La Commission européenne, qui a examiné le texte sénatorial, avait rendu un avis il y a deux semaines, appelant la France à revoir en partie sa copie. L'exécutif européen avait estimé que cette proposition de loi, si elle était mise en œuvre dans cette version, empièterait sur les dispositions du règlement européen sur les services numériques (Digital services act, DSA). Or, une loi nationale ne doit pas conduire à fragmenter le marché unique européen, ni marcher sur les plates-bandes du DSA, le règlement européen sur les services numériques


La Commission européenne mettait en garde la France sur deux points sensibles du texte : le dispositif de "liste noire" et les dérogations parentales, qui impliquent la mise en place d’outils de recueil du consentement parental. Selon Bruxelles, ces mesures reviendraient à imposer de nouvelles obligations aux plateformes, ce que ni le règlement européen sur les services numériques, le DSA, ni la directive e-Commerce ne permettent au niveau national. 

À écouter aussi

La responsable du texte à la chambre haute, la sénatrice centriste Catherine Morin-Desailly, a convenu que le système de liste noire aurait nécessité davantage de temps, en consultant à nouveau la Commission européenne sur les critères, avec un "petit risque" de non-conformité avec le droit européen. Elle a souligné auprès de l'AFP que la commission européenne comptait de toute façon "reprendre la main" à l'avenir en légiférant elle-même sur le sujet. De ce fait, "la Commission nous dit, moins vous en faites, mieux on se porte", a-t-elle résumé, acceptant ainsi de s'en tenir à "fixer une norme, un âge".
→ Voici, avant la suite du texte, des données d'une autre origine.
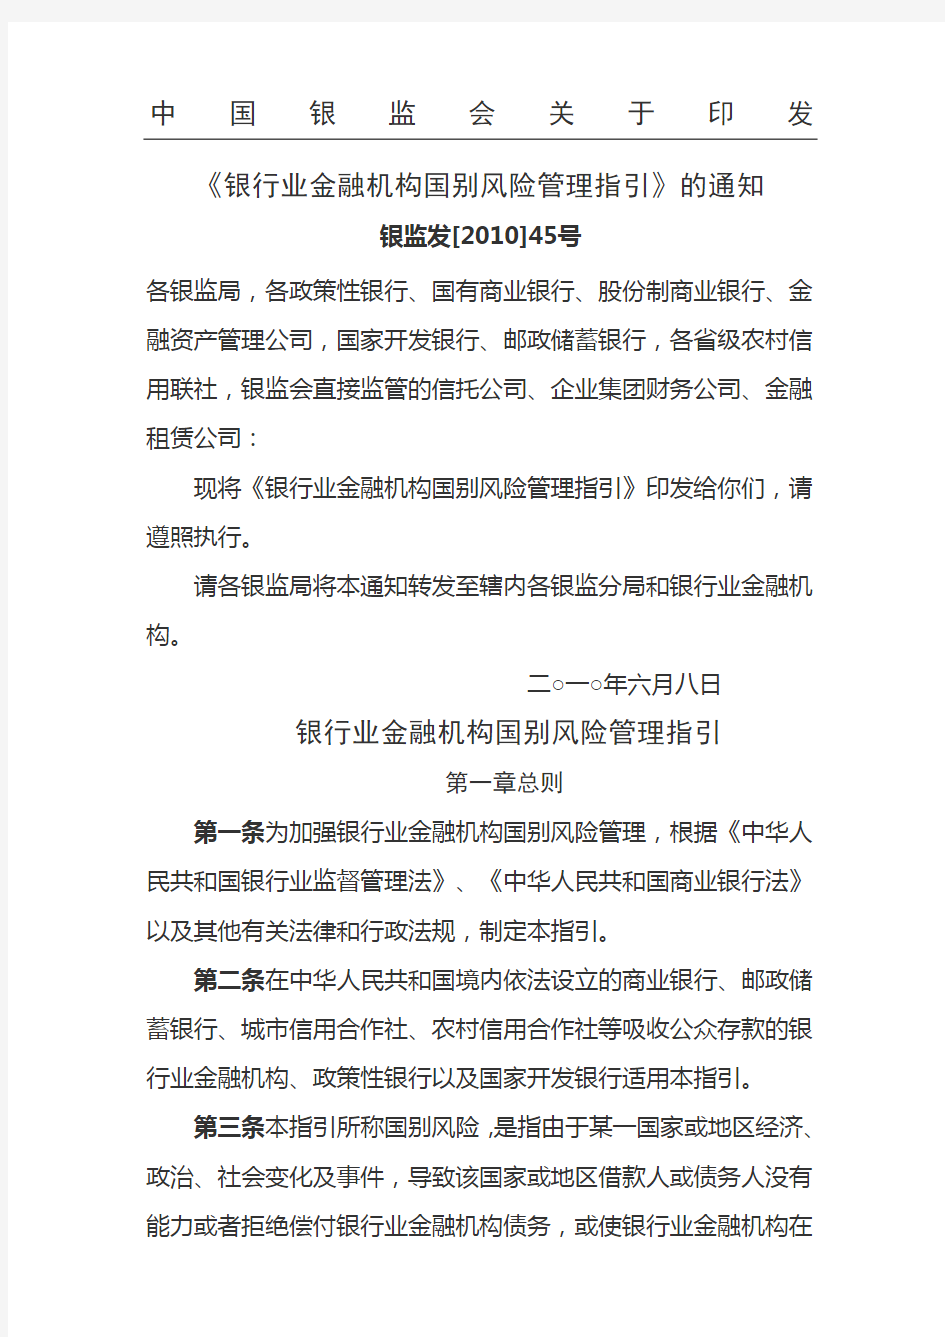 中国银监会关于印发《银行业金融机构国别风险管理指引》的通知

Sauf surprise, le texte devrait être adopté mardi. Les insoumis voteront contre à l'Assemblée, a annoncé le député Louis Boyard critiquant une loi "dont on ne sait même pas si elle est conforme à la Constitution, une loi de fin d'anonymat sur internet". Les socialistes devraient, eux, s'abstenir, selon le député Arthur Delaporte, critiquant un texte ne détaillant pas assez les réseaux concernés. Il a indiqué que son groupe saisirait "probablement" le Conseil constitutionnel, pointant notamment des "enjeux de proportionnalité" face à la nécessité d'espaces d'"expression et d'information" pour les jeunes.
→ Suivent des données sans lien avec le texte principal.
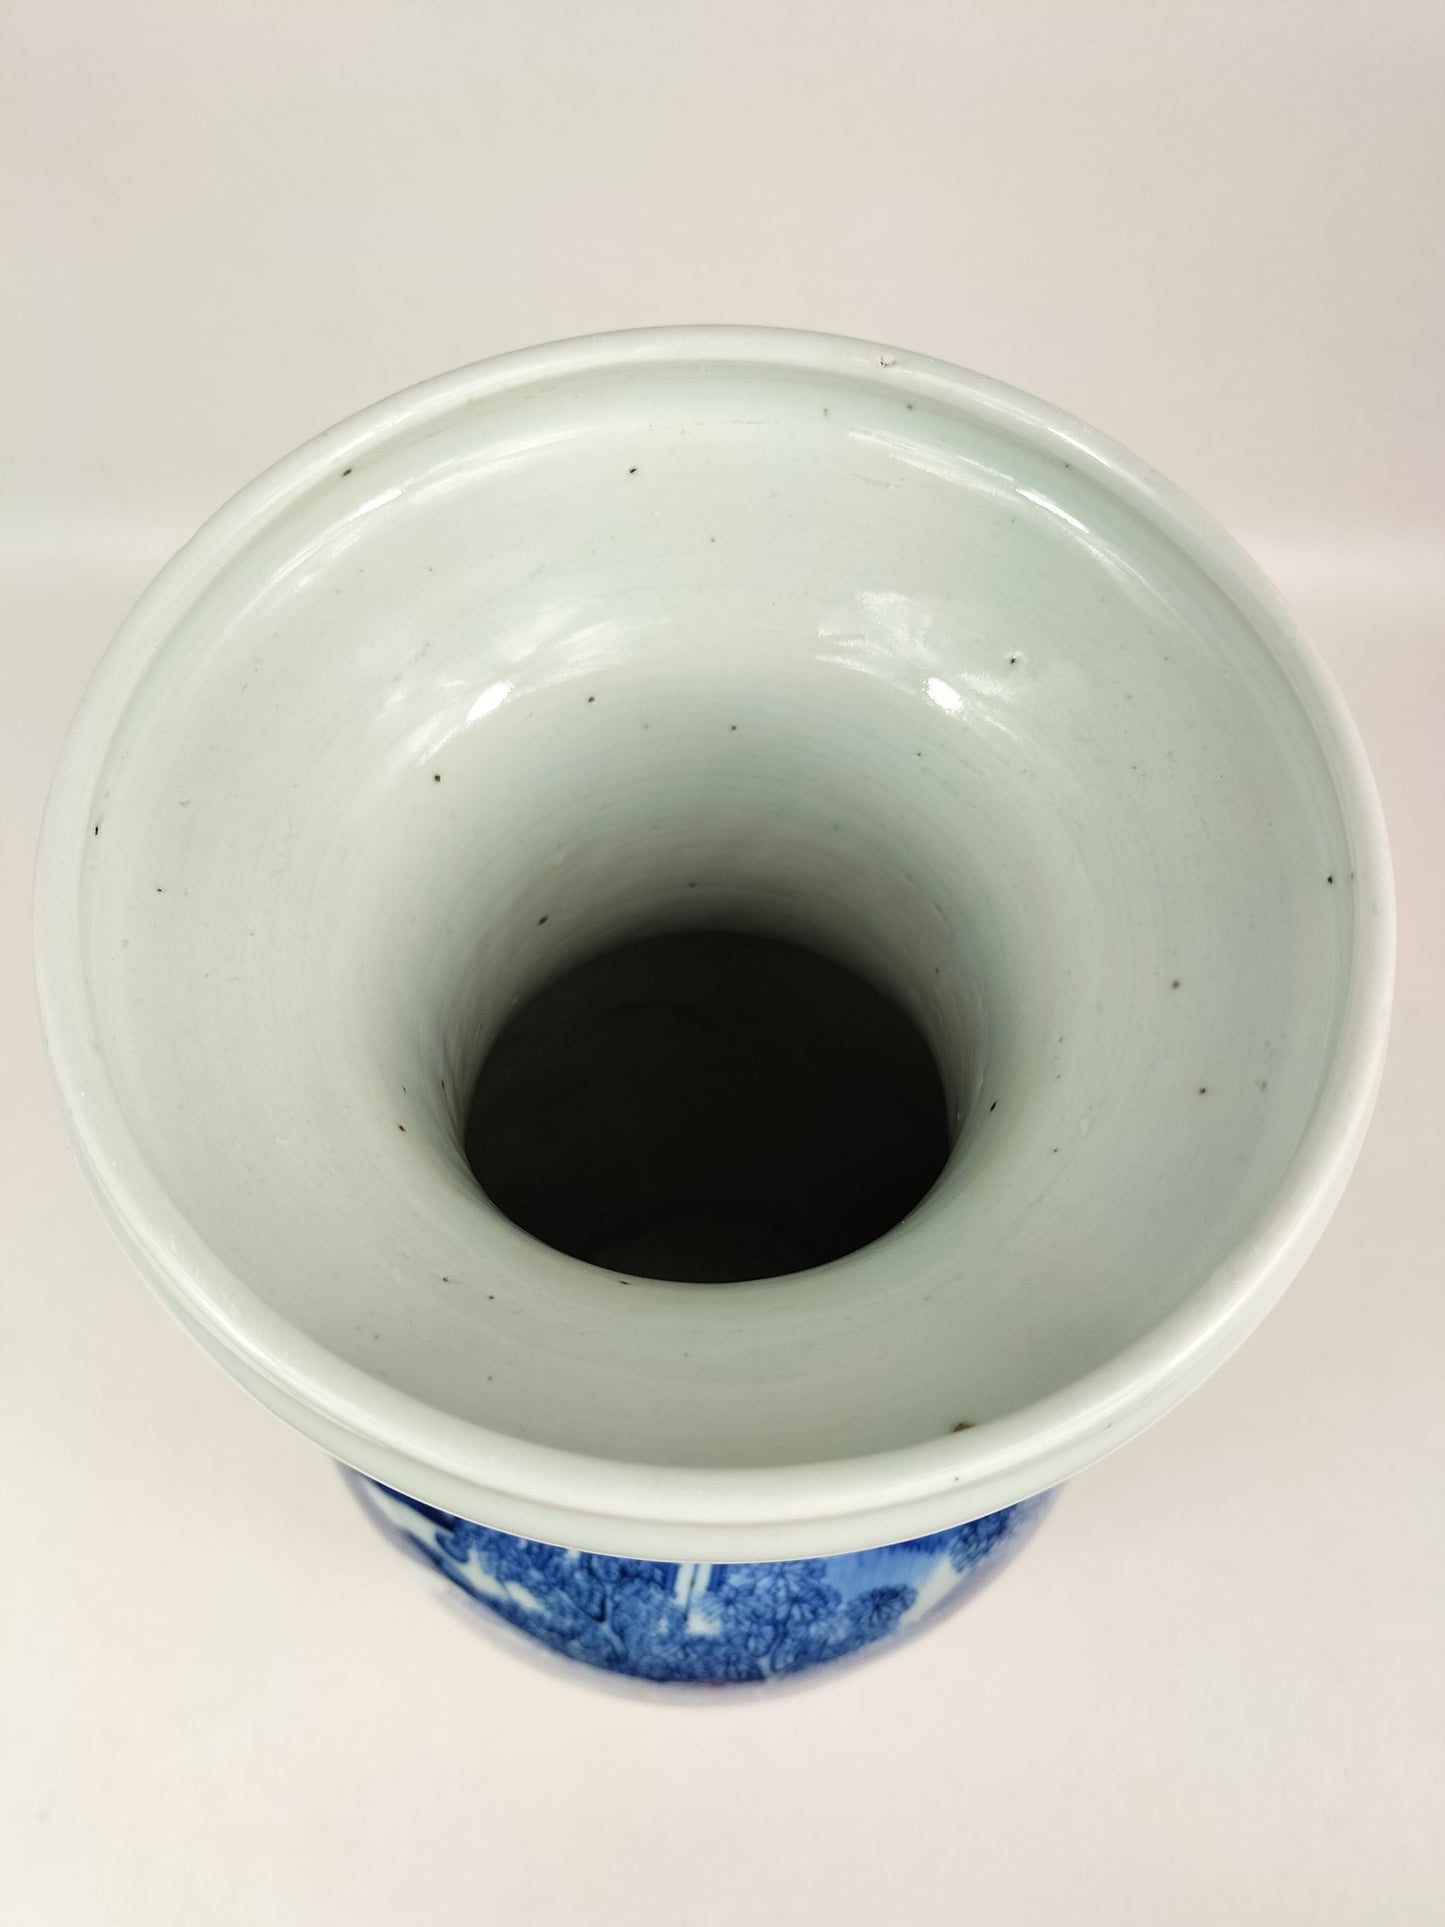 Antigo vaso chinês decorado com paisagem // Azul e branco - Dinastia Qing - século XIX

Vers un contrôle de l'âge généralisé

Autre difficulté : une telle interdiction nécessitera un système robuste de vérification d'âge, complexe à mettre en place. Concrètement, les plateformes devront pour ce faire intégrer "le ou les outils" qu'elles souhaitent, a précisé à l'AFP la députée rapporteure du texte, Laure Miller (Renaissance). Plusieurs ont été développés, la députée citant par exemple France Identité, ou un autre d'une filiale de La Poste, Docaposte, gérant déjà les ENT (espaces numériques de travail) des enfants.
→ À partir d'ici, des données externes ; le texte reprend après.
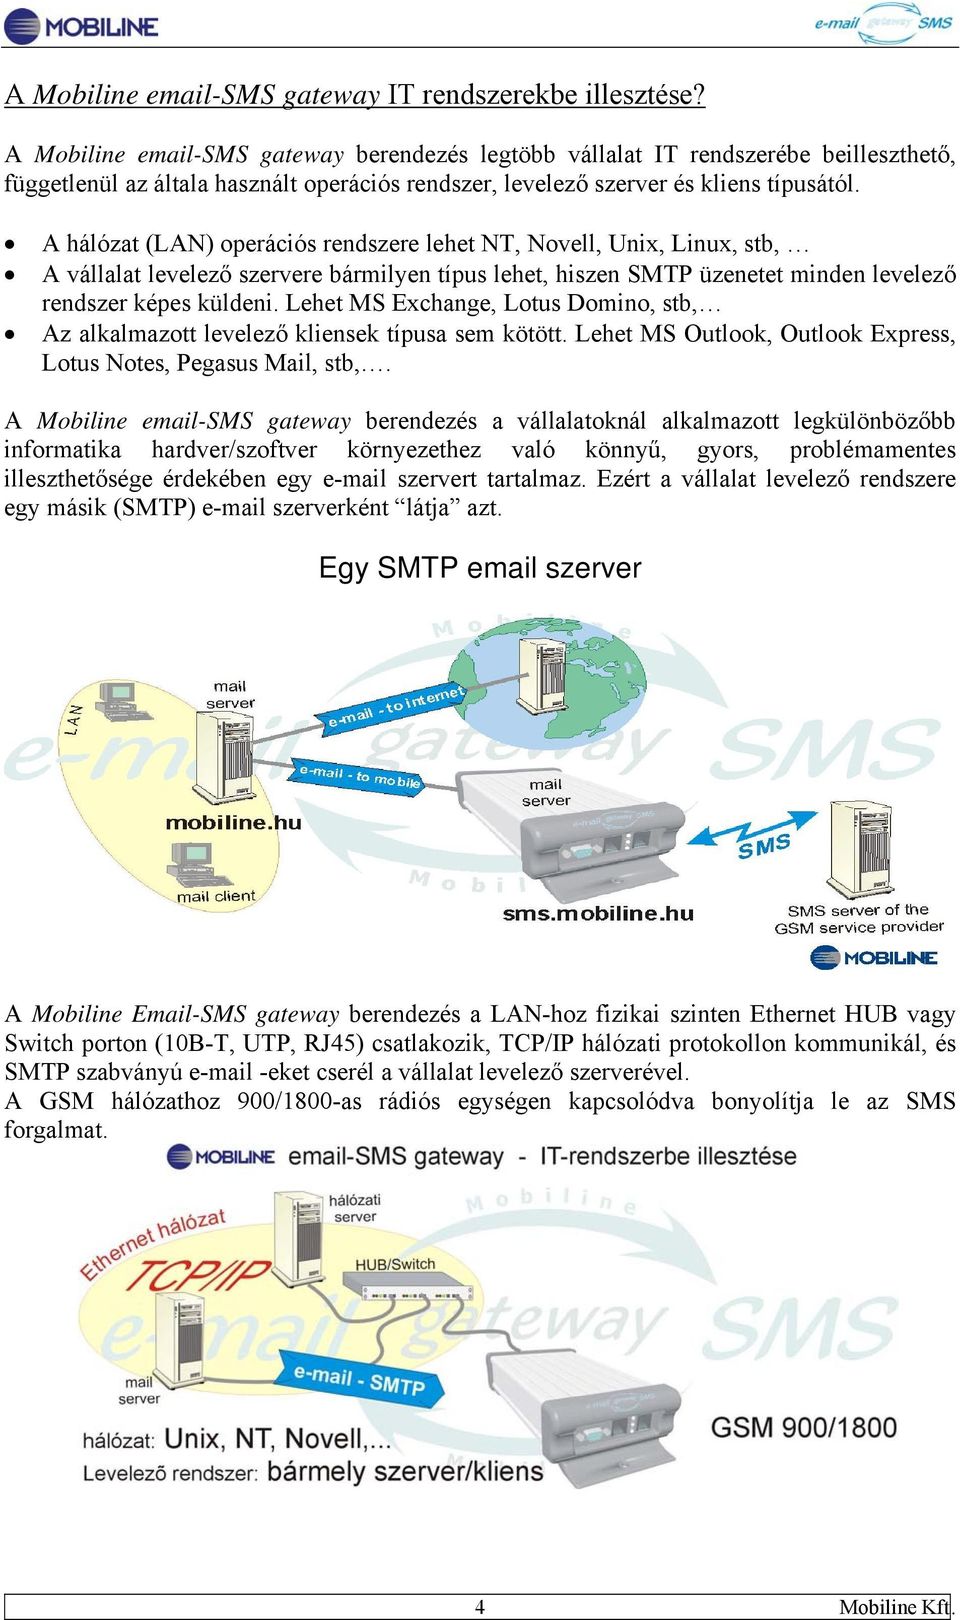 A hálózat (LAN) operációs rendszere lehet NT, Novell, Unix, Linux, stb, A vállalat levelező szervere bármilyen típus lehet, hiszen SMTP üzenetet minden levelező rendszer képes küldeni.

La Commission a aussi présenté en avril une application européenne de vérification d'âge, qui pourra aider les États membres à mettre en œuvre ces restrictions. Plusieurs réfléchissent également à légiférer sur le sujet, dans le sillage de la France.

Le président de la République, qui s'est personnellement impliqué dans ce dossier, a promis de tenir le calendrier d'une application à la rentrée, qui ferait de la France une pionnière dans l'Union européenne en matière de restriction des plateformes. En pratique, l'interdiction aurait lieu en deux temps : les moins de 15 ans ne pourraient plus créer de nouveaux comptes dès le 1er septembre. Pour les comptes existants, l'interdiction vaudrait "à l'expiration d'un délai de quatre mois", soit le 1er janvier 2027, prévoit le texte. Durant ce délai, "on ira fermer les comptes des moins de 15 ans qui existaient déjà", avait expliqué le mois dernier Emmanuel Macron.